There is also a short video that shows a quick image of the universal harness they are now supplying.


----------



## Kenwooden (Feb 12, 2018)

THEDUKE said:


> Kenwood now offers adaptor to be used with any head unit. It is an RCA adaptor.


Do you possibly have a link?
I emailed kenwood about a week ago asking the same question and finally got a reply today. And they said they didnt currently make one.


----------



## audiodiehard (Oct 17, 2017)

Its one expensive amp, but I do love mine. Most of the time its just a set and forget it anyways. I am guessing the only reason why you want it that you want to control it with the bluetooth? Because there are alot better amps for cheaper. I have had mine overheat a couple times and shut completely off before because it only has a tiny fan on it.


----------



## Kenwooden (Feb 12, 2018)

audiodiehard said:


> Its one expensive amp, but I do love mine. Most of the time its just a set and forget it anyways. I am guessing the only reason why you want it that you want to control it with the bluetooth? Because there are alot better amps for cheaper. I have had mine overheat a couple times and shut completely off before because it only has a tiny fan on it.


Thanks for mentioning the overheating issue. Curious what load are you running on each channel? Im personally looking into it because i came across one for sale at a good price.


----------



## audiodiehard (Oct 17, 2017)

I am running Infinity Kappaa's 6-1/2" component set in the doors and their 6x9s in the rear doors. I did have the other channel bridged together to the factory subwoofer. That is when I noticed the it overheated more but it could have been as well that the fan was pointed down towards the ground. I want to add the Infinity Kappas 3.5" speakers for the dash since I upgraded to 2 Rockford Fosgate P2 12" subs with CT Sounds T1000 which puts out 2,000 watts got it for $100.


----------



## Kenwooden (Feb 12, 2018)

Ok cool thanks. I bet the sub being wired in had alot to due with it especially being bridged. Most factory subs ive come across were below 4 ohms. I like ct sounds amps and run a 1400.1 myself that's rated at 12v and will do 1700rms+ at 14.4v. But i dont think their new stuff is overrated like the old and definitely not double. I did a quick search for a clamp or dyno run on the t1000 but didnt see anything. Also i did notice the new stuff is rated at 14.4v instead of 12v.


----------



## mpednault (Mar 23, 2012)

So has anyone actually got it hooked up to an aftermarket head unit with RCA’s? And how did you acquire that RCA harness?


----------



## Chaos (Oct 27, 2005)

mpednault said:


> So has anyone actually got it hooked up to an aftermarket head unit with RCA’s? And how did you acquire that RCA harness?

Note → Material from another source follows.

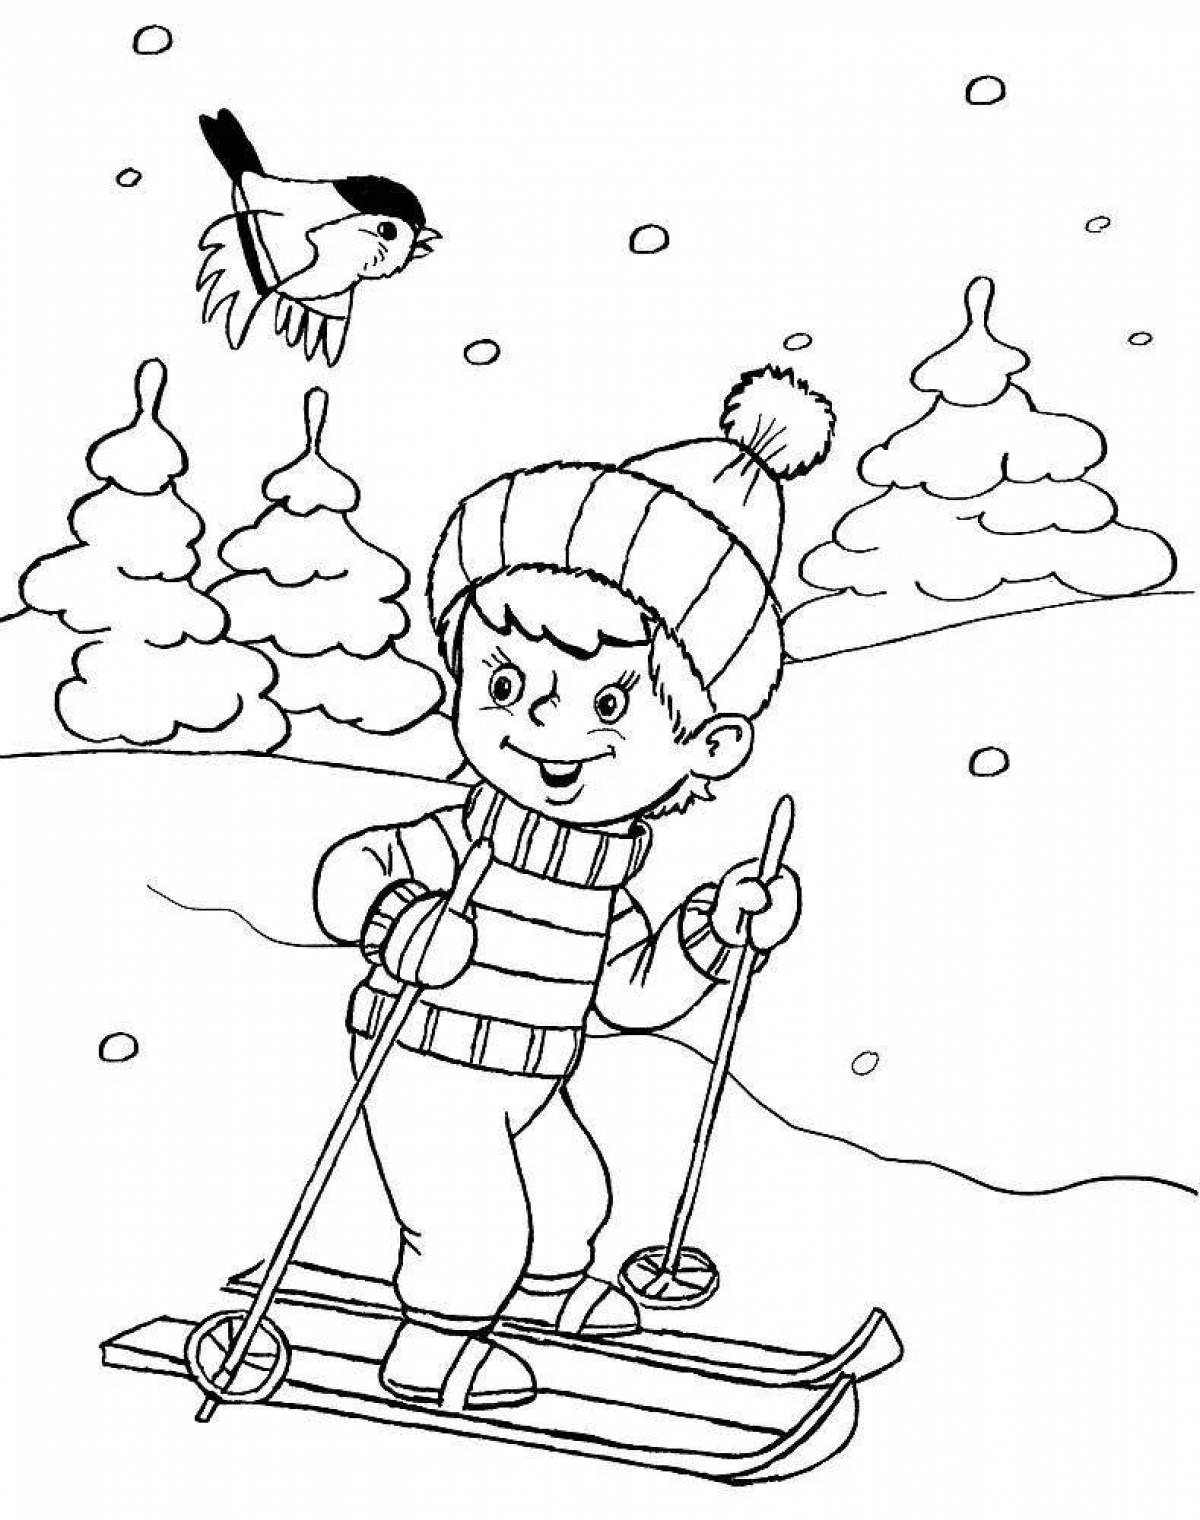 Fancy winter activities coloring page
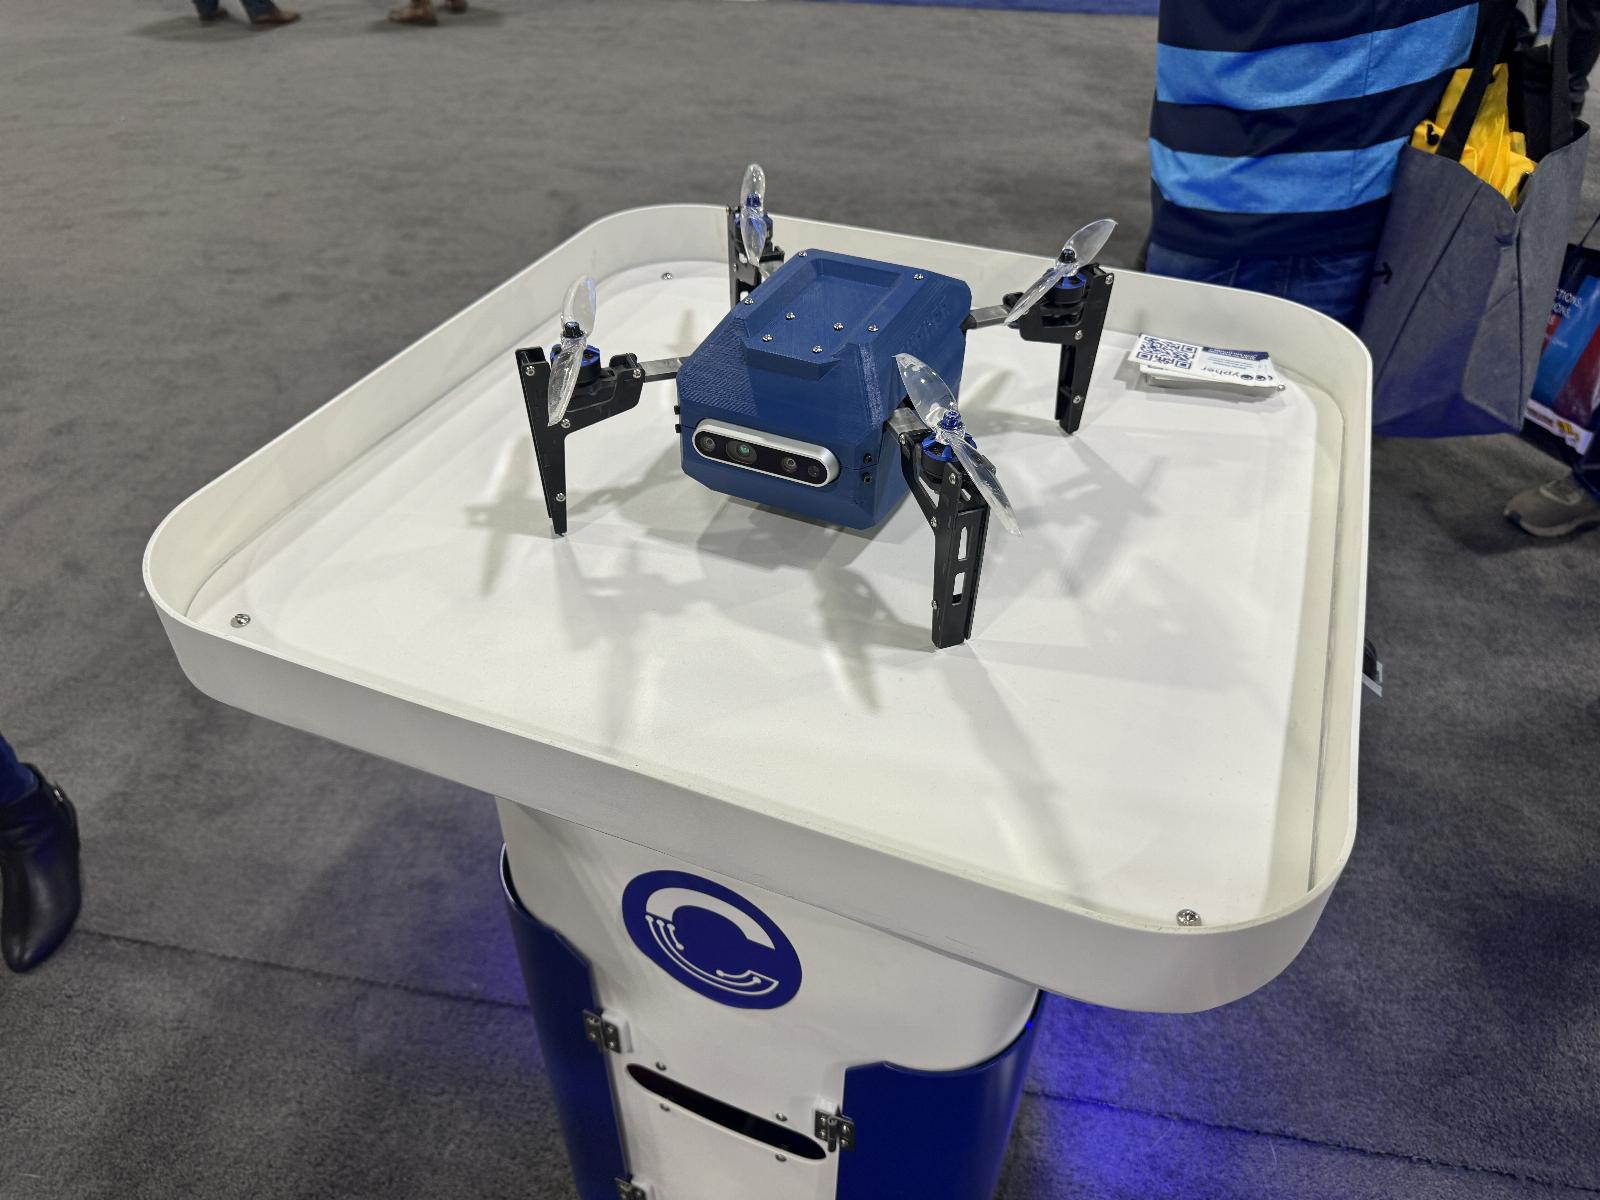 Cypher’s inventory drone launches from an autonomous mobile robot base

Bump. I would also like to know more about this. I know from experience at work that the eXcelon amps & speakers are actually quite nice for the money (their subwoofers, not so much). Regardless, the tuning software does look fairly rudimentary, but it's probably sufficient for an active front stage with or without rear speakers and still has the ability to pass the signal to a sub amp. I think it's worth a try.


----------



## Seavs (Apr 30, 2020)

Chaos said:


> Bump. I would also like to know more about this. I know from experience at work that the eXcelon amps & speakers are actually quite nice for the money (their subwoofers, not so much). Regardless, the tuning software does look fairly rudimentary, but it's probably sufficient for an active front stage with or without rear speakers and still has the ability to pass the signal to a sub amp. I think it's worth a try.


I've been looking into running this amp in an update to my Charger. The complaints I've read seem to revolve around only having stereo input to the amp (no fade) and there seem to be a few people having issues getting the pre-outs to actually work. I'm torn between going with this amp or a combo DSR1/multiple amps. I like the 6 channel as it makes the cabin of the car easy (dash/door/rear) with a standalone sub amp. And while there are plenty of nice 5-ch amps, I like the simplicity of the 6-ch.


----------



## Readylh (Dec 9, 2019)

Okay I finally got mine hooked up, but I need some help with tuning. Anyone figured out how to set the gains? My volume is lower than it should be. Also if anyone has questions I’ll try to answer them. I‘m also using all four pre-outs and mine worked fine.


----------



## kwkride (May 19, 2009)

Readylh said:


> Okay I finally got mine hooked up, but I need some help with tuning. Anyone figured out how to set the gains?


When you're in the Time Alignment portion of the DSP Control App, you can select the speakers and then set the gains for them.


----------



## ChiTownSQ (Apr 7, 2008)

Guys, I just got one of these, and I'm stuck. I'm trying to figure out how to get the thing to turn on, there is not a connection for turning it on with the blue remote wire!


----------



## John-117 (Jan 20, 2019)

You need an iDatalink module to use it. The module give the signal to turn on/off your amp. Then you control and do your audio setting with your iphone/Android phone. Are you trying to use it with an aftermarket HU? I don't know if a harness exist to use it via RCA. This DSP/Amp is used for oem head unit.


----------



## ChiTownSQ (Apr 7, 2008)

John-117 said:


> You need an iDatalink module to use it. The module give the signal to turn on/off your amp. Then you control and do your audio setting with your iphone/Android phone. Are you trying to use it with an aftermarket HU? I don't know if a harness exist to use it via RCA. This DSP/Amp is used for oem head unit.


Thank you for clarifying that part for me, I have XR600 and the XR1000. The XR600 Came with a RCA dongle, but no remote wire, gonna go get the I data link Maestro module and see if I can get this all going. I have a ken wood head unit that is Maestro link compatible, but I need the box that goes between them. 

Thanks again.


----------



## John-117 (Jan 20, 2019)

Let us know if XR600 works with aftermarket HU.


----------



## BlueGhost (Jul 28, 2014)

The newest version, P-XR600-DSP, should come with a Maestro AR that can programmed to work with aftermarket head units. Not sure if the original XR600 ever got that capability.

After watching some YouTube videos about it, it looks like it would be great for an affordable active 2-way plus sub, or 3-way with added mono amp.


----------



## Dustyxballs (Dec 29, 2021)

THEDUKE said:


> Kenwood now offers adaptor to be used with any head unit. It is an RCA adaptor.


Do you have a link to this adapter?


----------



## Dustyxballs (Dec 29, 2021)

Readylh said:


> Okay I finally got mine hooked up, but I need some help with tuning. Anyone figured out how to set the gains? My volume is lower than it should be. Also if anyone has questions I’ll try to answer them. I‘m also using all four pre-outs and mine worked fine.


Gain level is set through maestro Ar setup


----------